Il y a quelques jours, Ouyahia déclarait, revêtant le costume de la victime qu'il aime tant et qui pourtant lui va si mal - on pourrait dire qu'il est trop juste pour lui, mais en fait il est juste trop faux - que les journalistes exagéraient l'ampleur des actes terroristes. Il y a dix ans, le terrorisme était résiduel, en 2008 il n'a pas d'ampleur. Les dizaines de morts ne sont sans doute qu'un détail, ce qui ne m'étonne guère lorsque l'on vit "sous haute sécurité". Cette déclaration n'est que de la haute trahison, mais cela, nous le savions déjà.
Lors d'un nouveau discours qui a beaucoup fait parler de lui dans la presse, il nous a appris que la Constitution serait bientôt amendée pour laisser la voie libre à une nouvelle candidature de Boutef, candidature qu'il souhaite bien évidemment, au même titre que son prédécesseur, et que le prédécesseur de son prédécesseur, qui n'est autre que lui, ainsi la boucle est bouclée.
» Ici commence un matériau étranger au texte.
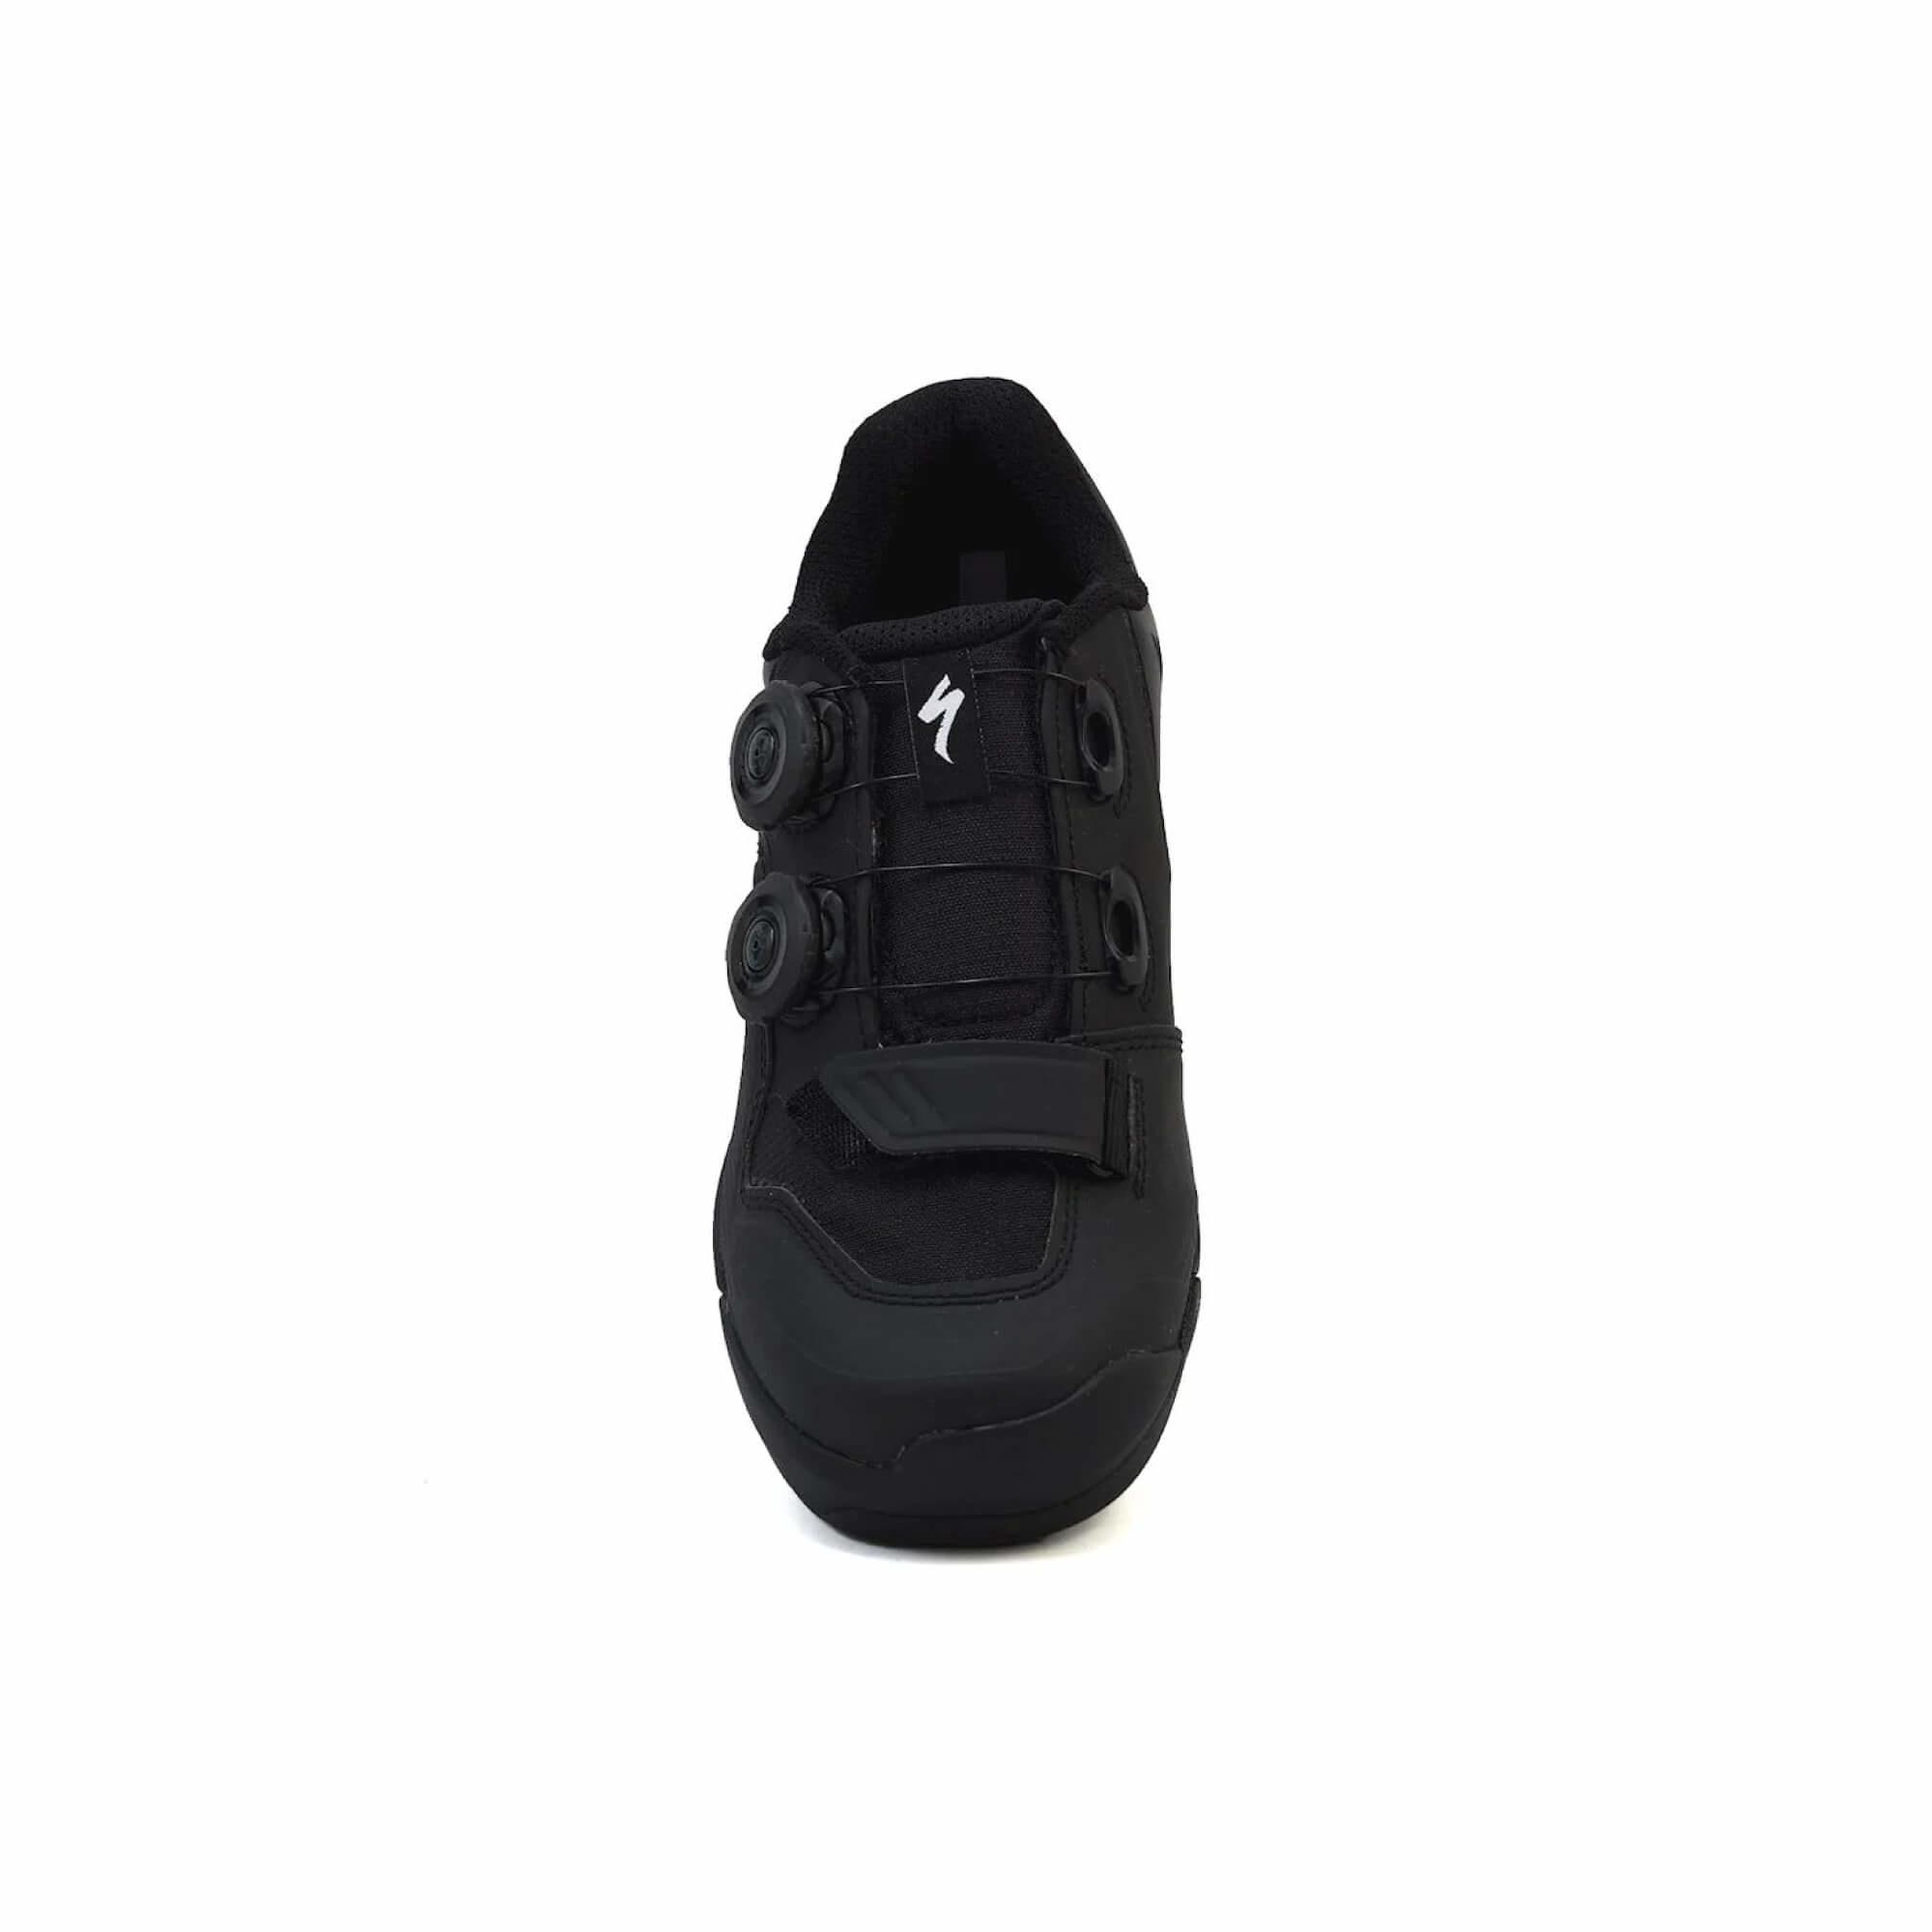 2FO Cliplite MTB Shoe 2019-3

Un scoop qui n'en est pas un, qui devrait sans doute calmer notre fièvre, nous qui vivions dans le doute. Merci de soulager nos consciences éveillées.
Enfin, il nous a expliqué récemment que la baisse du prix du baril de pétrole pourrait mettre l'Algérie en danger. Il est vrai que pour le moment elle est hors de danger. Et il est vrai également que la hausse du prix du pétrole a changé nos vies. Peut-être le but de la manœuvre est-il de nous inquiéter et de nous murmurer à demi-mot, au cas où nous l'aurions oublié, que si nous avons quelques griefs à exprimer, il vaut mieux les taire puisque la menace de la chute de nos revenus est en train de poindre à l'horizon. Mais malheureusement, nous ne nous sentons plus concernés par cette question. Dans ce pays, l'argent va à l'argent et nous sommes des mendiants.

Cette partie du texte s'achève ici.